Il y a des lectures, comme celle-là, qui nous laissent ambivalentes. J'aimerais bien avoir un autre avis, mais je me rends compte que je n'ai pas donné tellement envie.
Si tu dis "on avance quand", je ne commence pas !!!!
Je ne peux pas nier que je l'ai dit souvent .. C'est dommage, ça aurait pu faire un excellent roman. C'est une jeune autrice, voyons ce qu'elle fera par la suite.
La barque a l'air tout de même très chargée.

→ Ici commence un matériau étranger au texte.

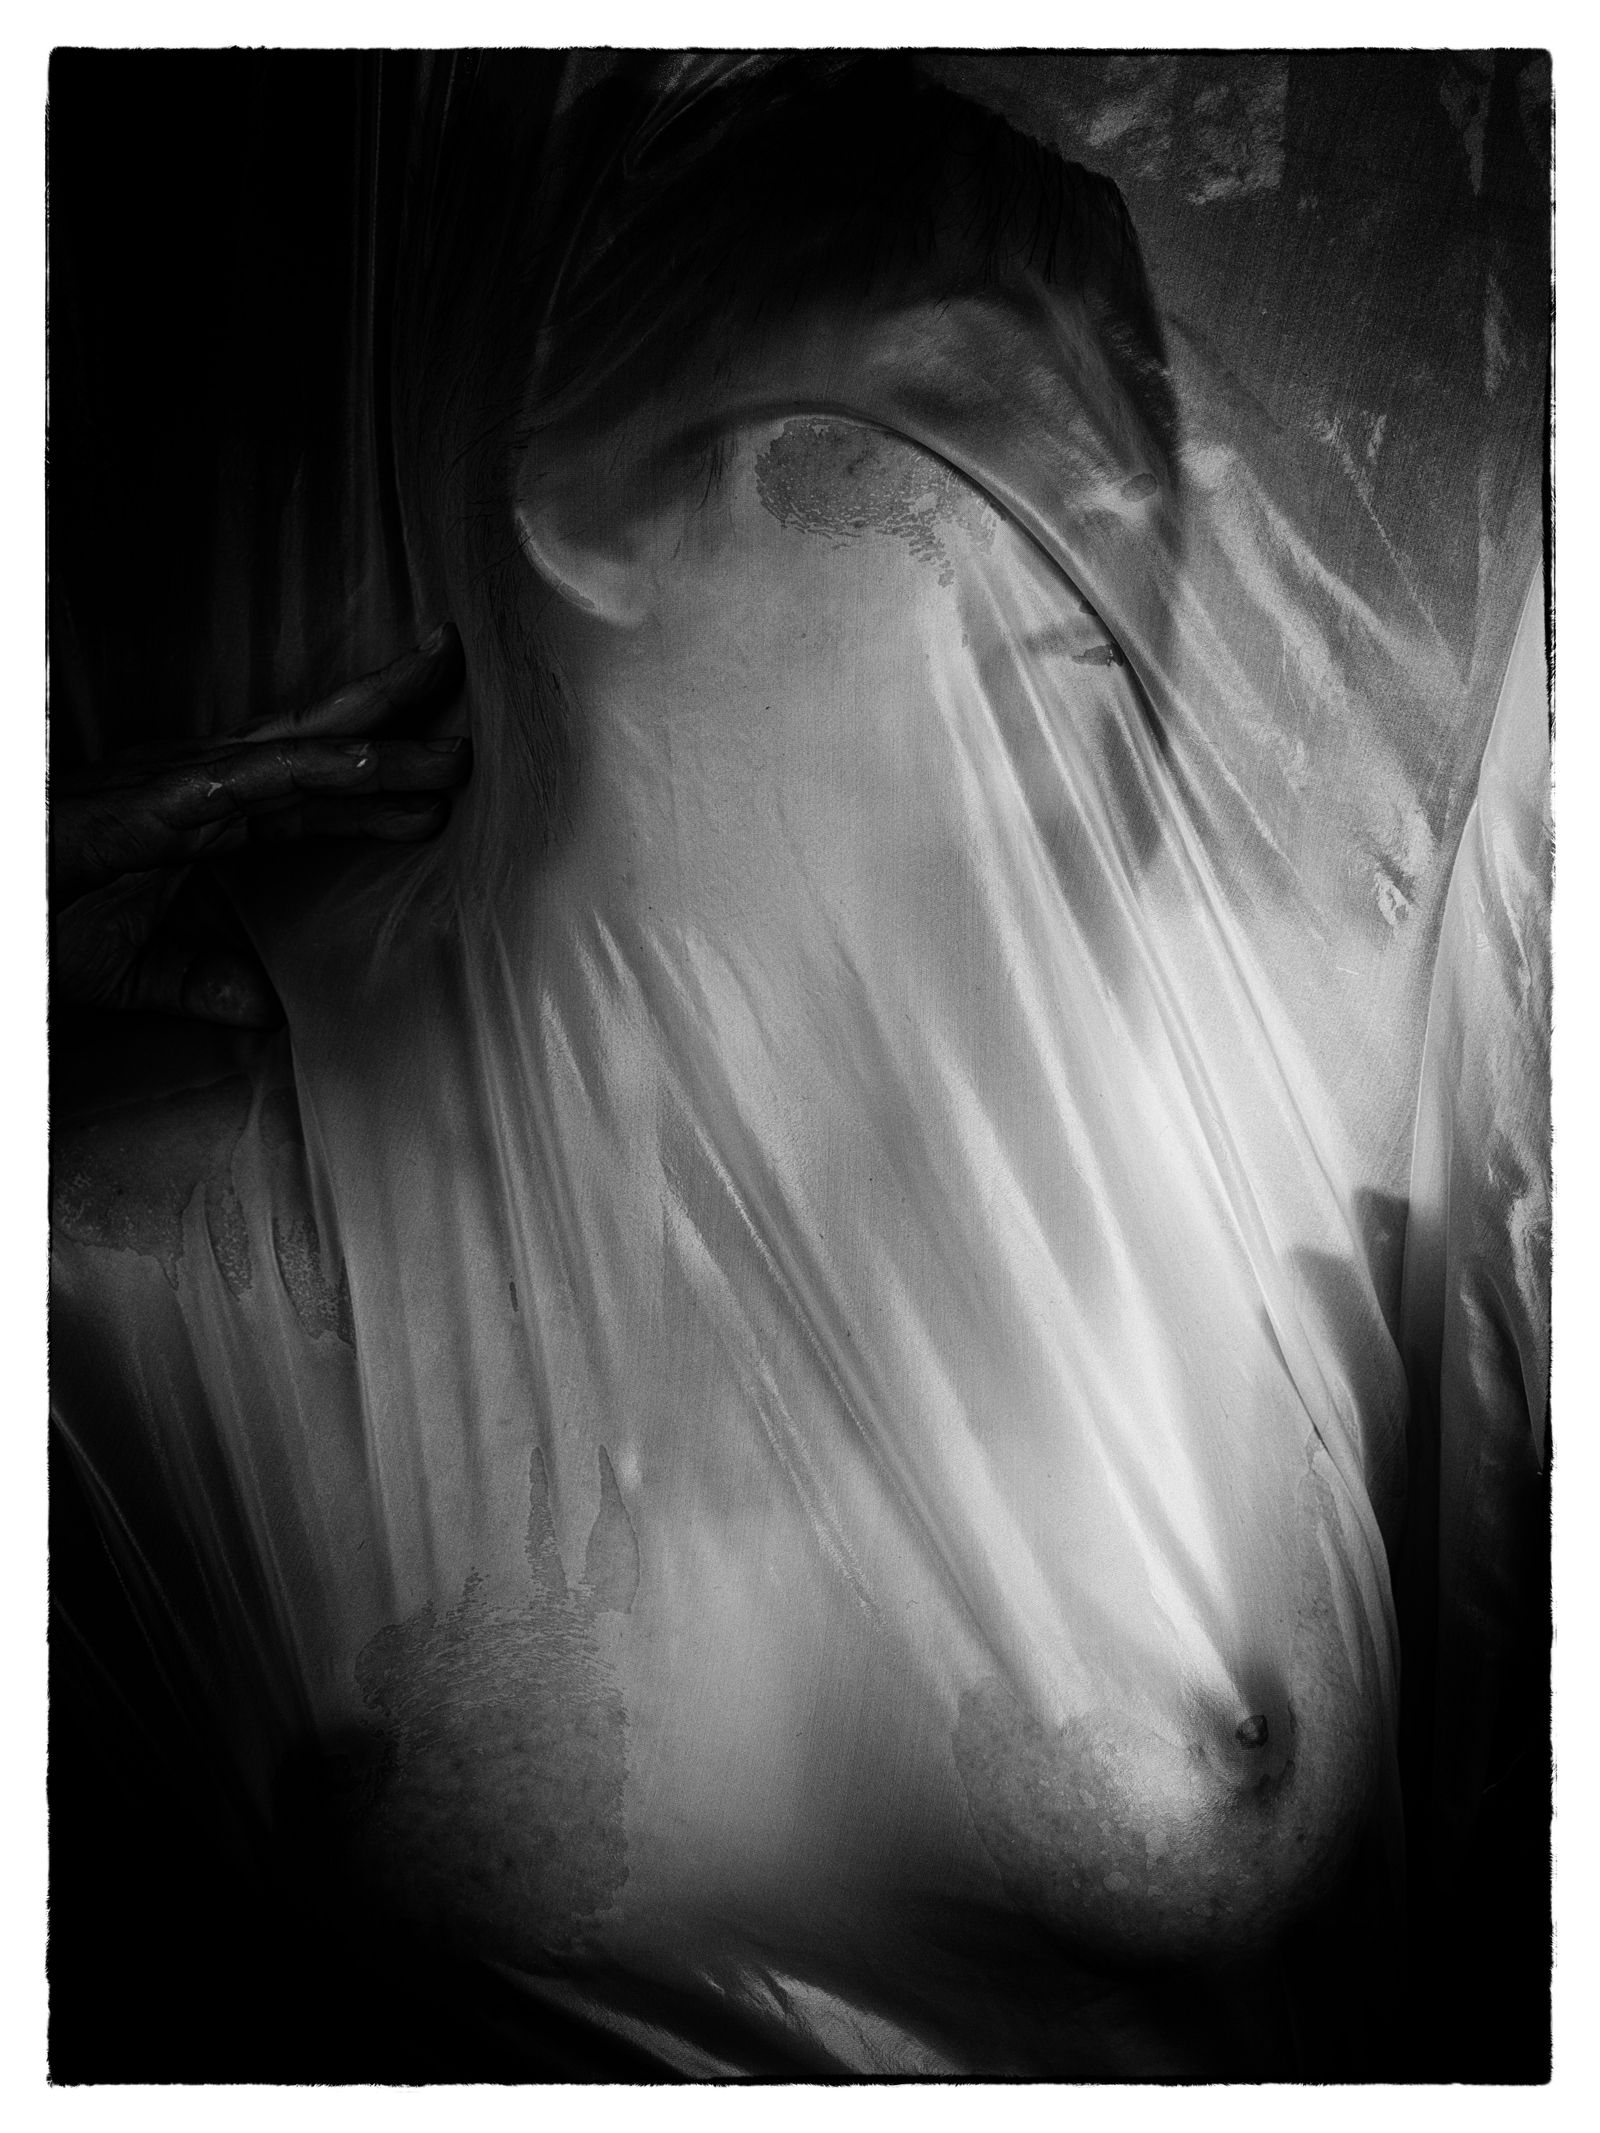 © Jay Keim - Image from the Wet Silk photography project

Trop à mon goût et trop alambiqué.
Je viens de lire un billet un livre suédois ( sur les sames) chez Alexandra. Décidément, tout n'est pas rose en Suède ! C'est dommage que tu aies tant de restrictions car le bouquin semble intéressant par certains aspects.
Il y a beaucoup d'avis positifs sur Babelio, certains l'ont lu en apnée. L'écriture est belle c'est certain et les passages avec le grand-père sont superbes. C'est quand même une lecture que je ne regrette pas d'avoir fait.
Je suis toujours un peu embêtée quand les narrateurs sont des enfants avec des réflexions (et un vocabulaire) qui n'est pas du tout cohérent avec leur âge. je veux bien que certaines circonstances font mûrir plus vite, mais quand même. Bon, je ne me précipiterai pas sur ce texte. Bonne semaine!
Je me suis souvent reportée à leur âge en me disant que l'autrice avait poussé un peu loin leur maturité et leur expression. Eder surtout se comporte avec son petit frère comme sa mère devrait le faire, au delà de ce que l'on peut demander à un enfant.